Extracted data START
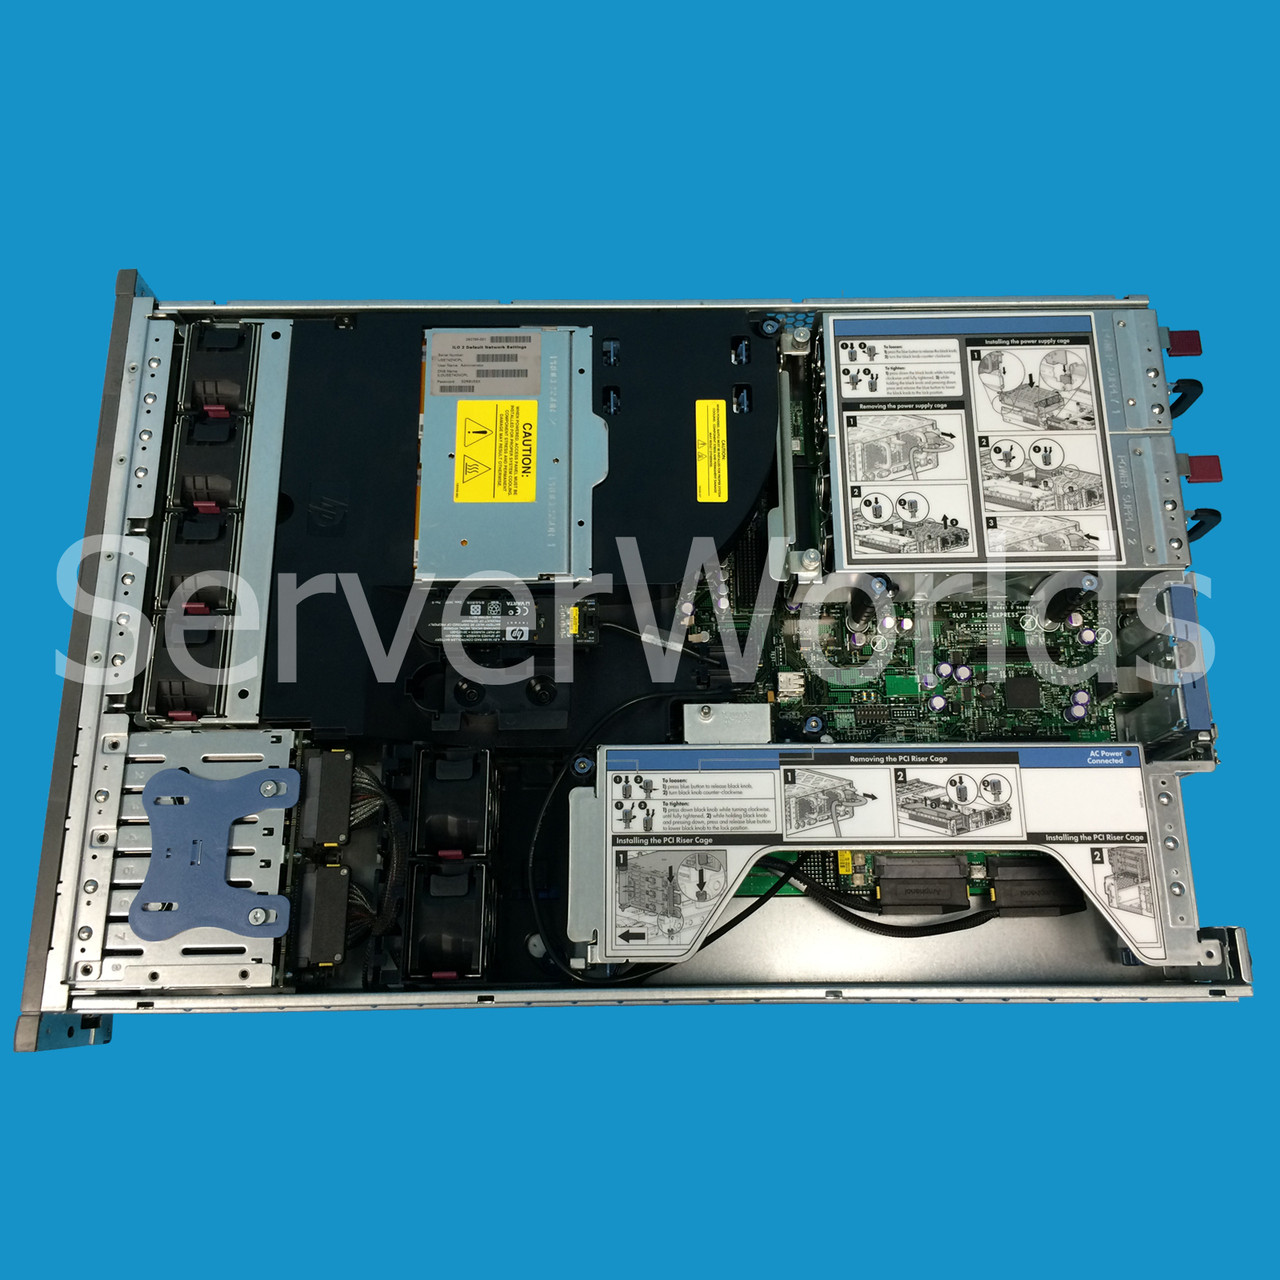 Refurbished HP DL380 G5 QC E5430 2.66Ghz 2GB 470064-873
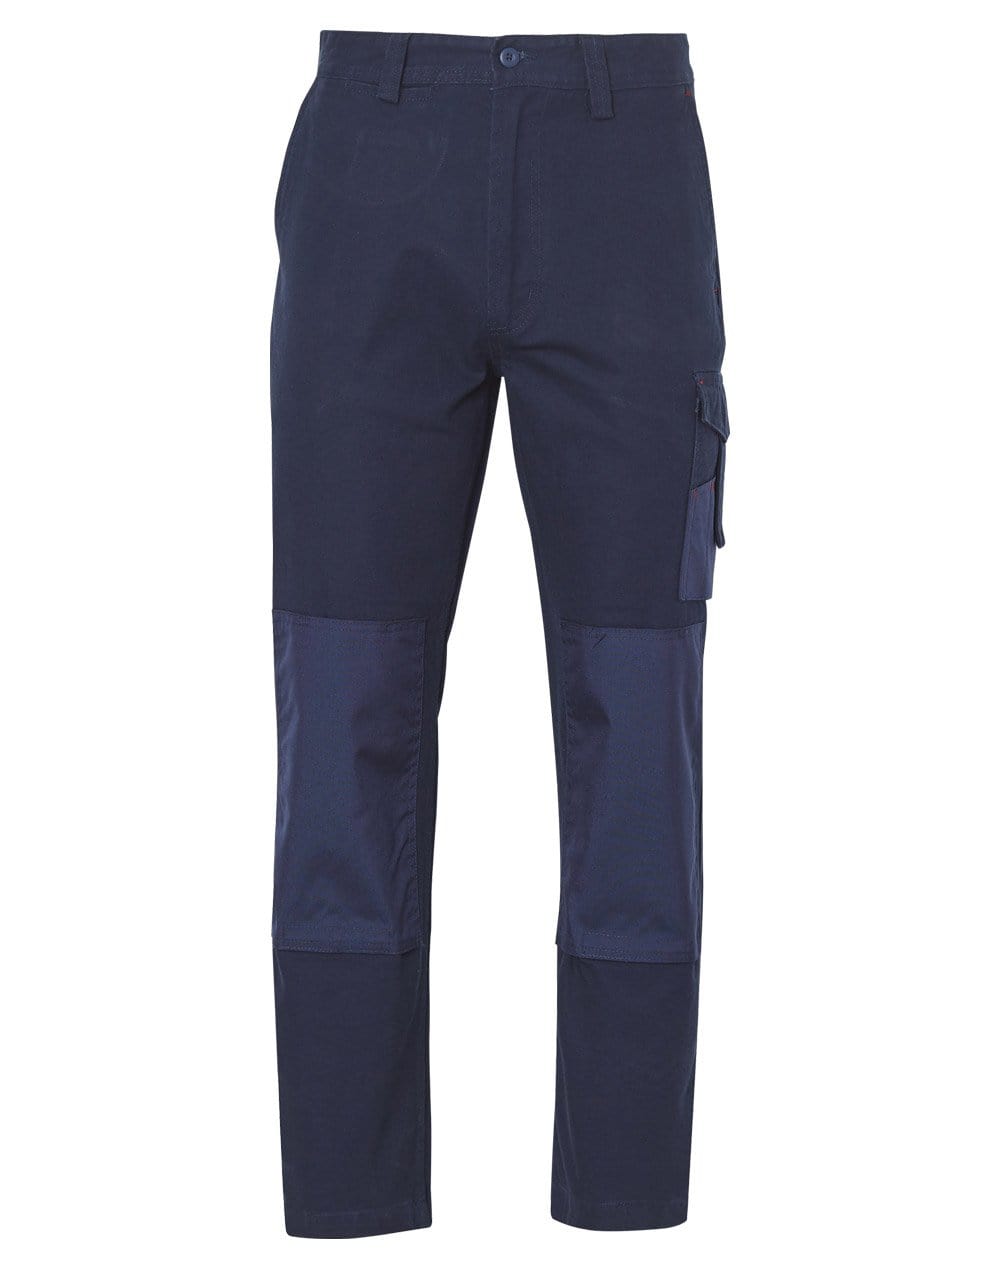 Australian Industrial Wear Work Wear Navy / 77R CORDURA DURABLE WORK PANTS Regular Size WP09
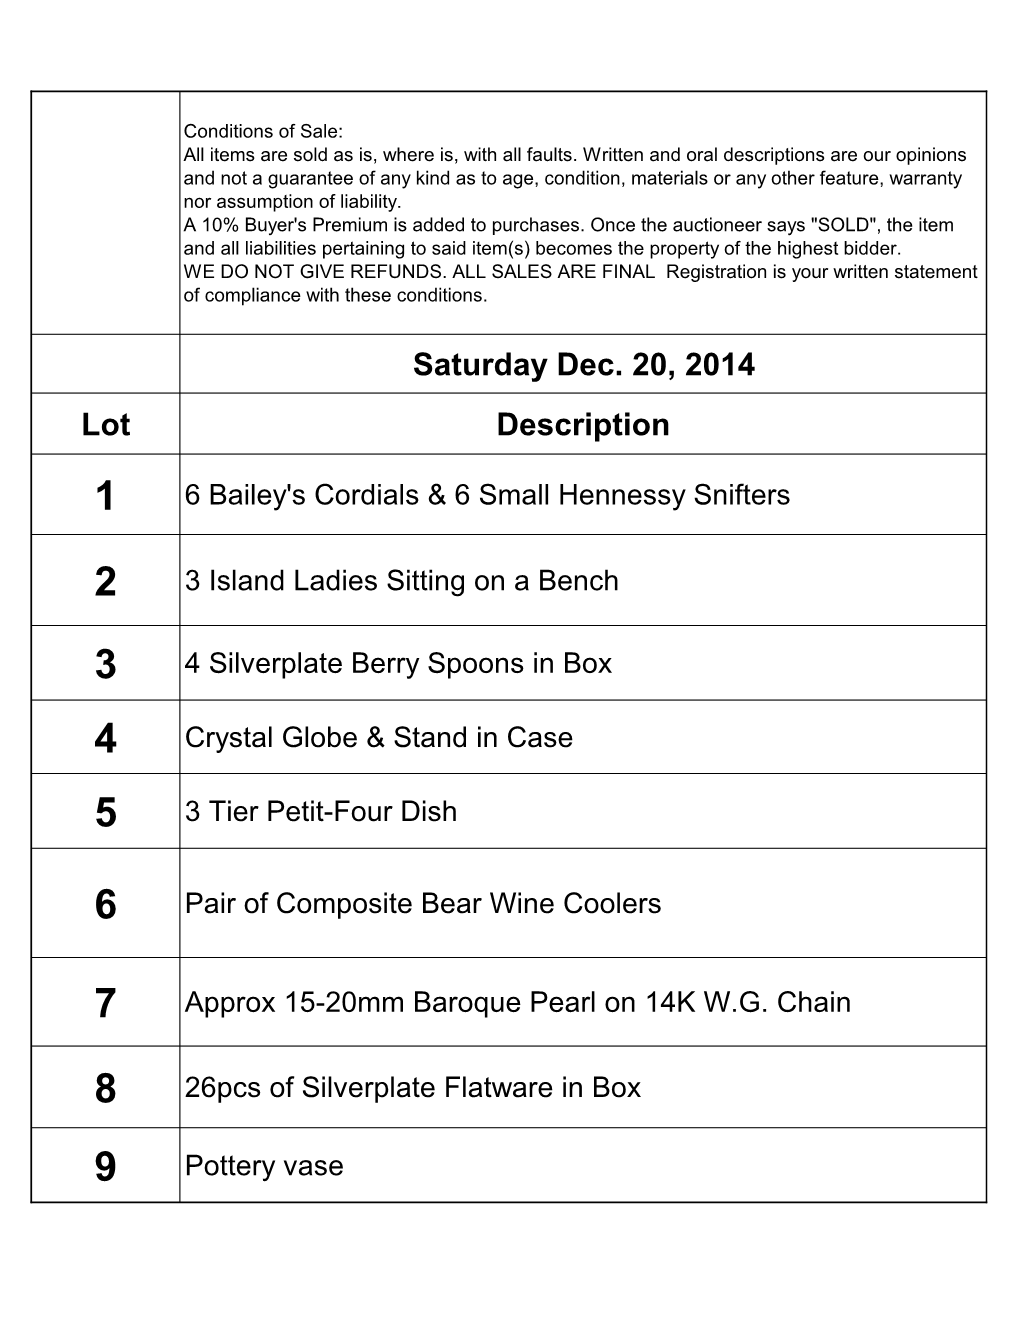 Saturday Dec. 20, 2014 Lot Description 1 6 Bailey's Cordials & 6 Small Hennessy Snifters
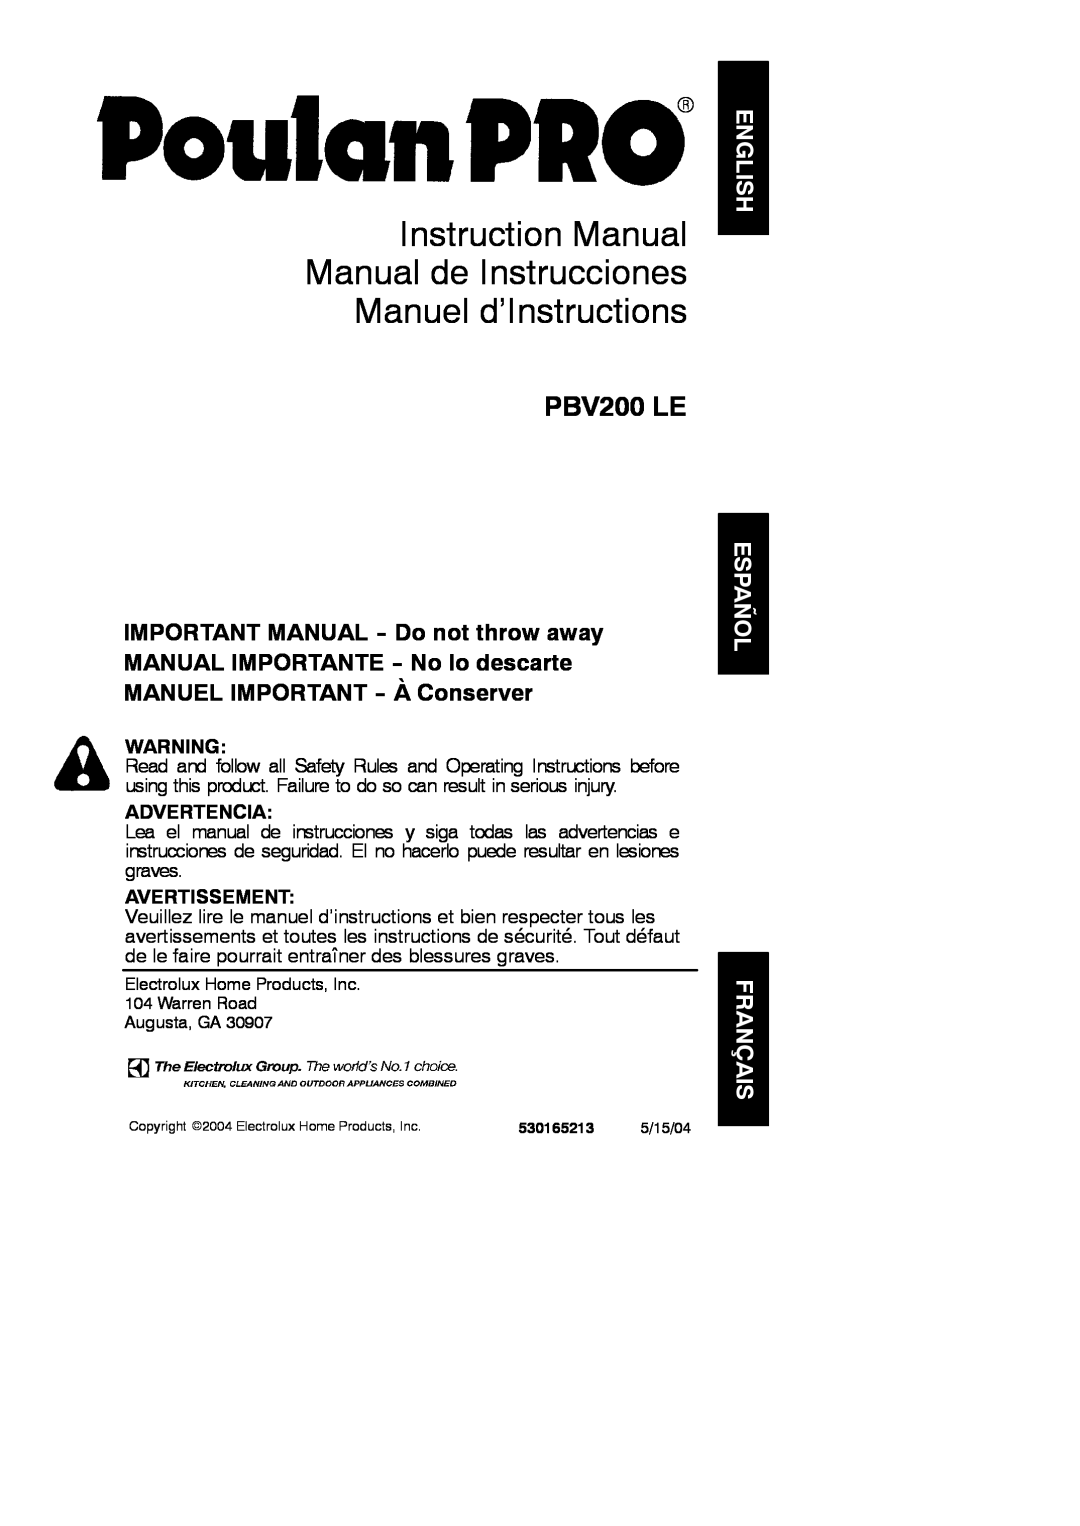 Poulan 530165213 instruction manual PBV200 LE, English, Español Français, Advertencia, Avertissement 
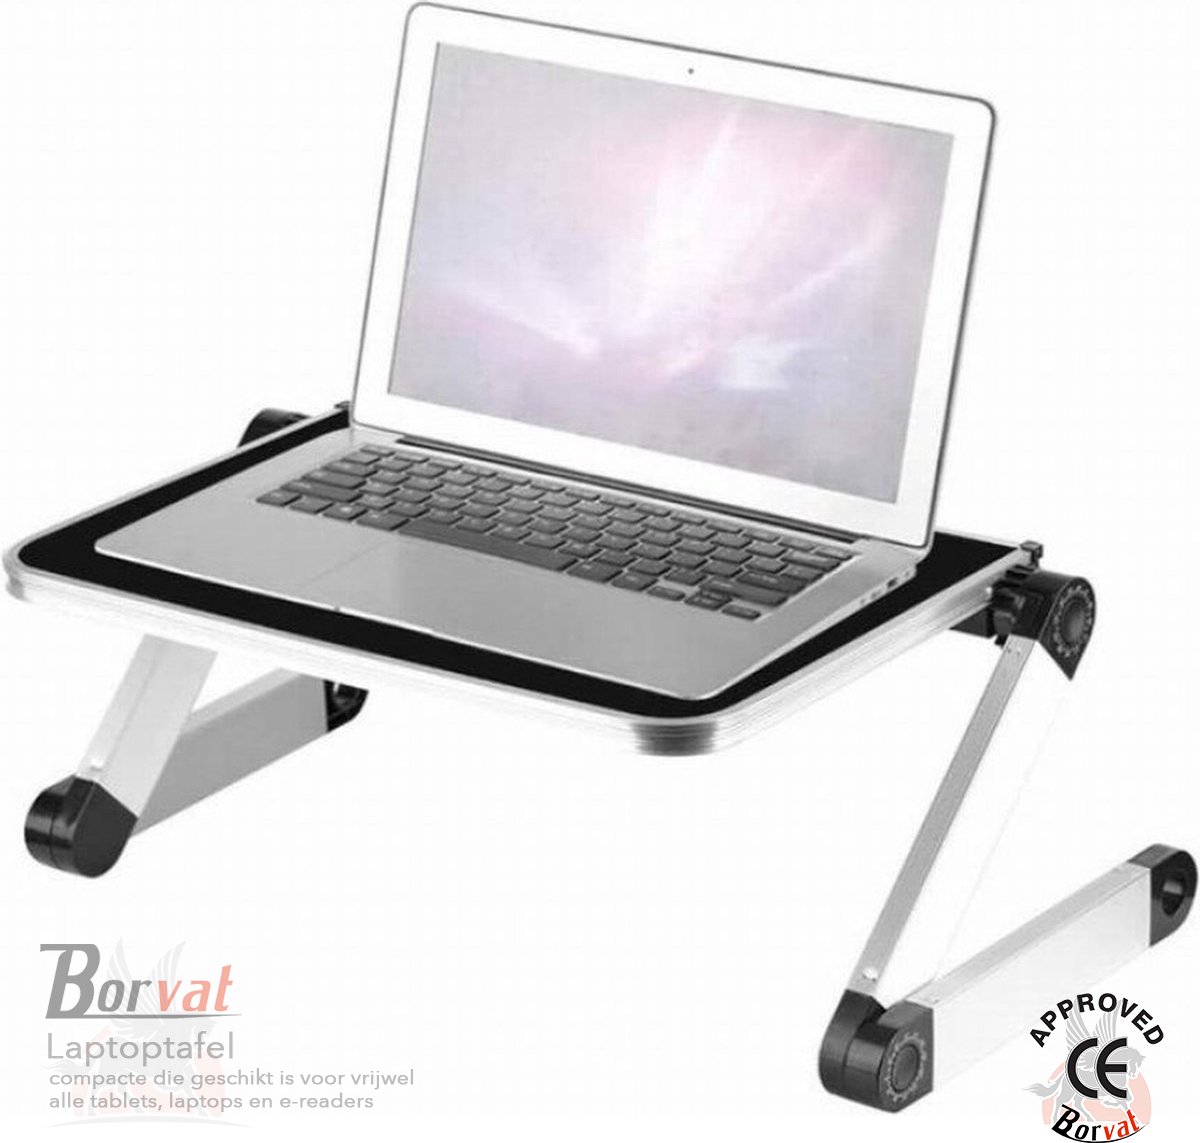 Borvat® - Laptoptafel - Laptopstandaard - Laptop - Laptop stand - Verstelbaar - Ergonomische opvouwbare laptoptafel - 360 graden verstelbaar
Extracted data END
- Work to complete
Without the pictures, retype all of the data above exactly.

- The completed task
 Refurbished HP DL380 G5 QC E5430 2.66Ghz 2GB 470064-873
 Australian Industrial Wear Work Wear Navy / 77R CORDURA DURABLE WORK PANTS Regular Size WP09
 Saturday Dec. 20, 2014 Lot Description 1 6 Bailey's Cordials & 6 Small Hennessy Snifters
 Poulan 530165213 instruction manual PBV200 LE, English, Español Français, Advertencia, Avertissement 
 Borvat® - Laptoptafel - Laptopstandaard - Laptop - Laptop stand - Verstelbaar - Ergonomische opvouwbare laptoptafel - 360 graden verstelbaar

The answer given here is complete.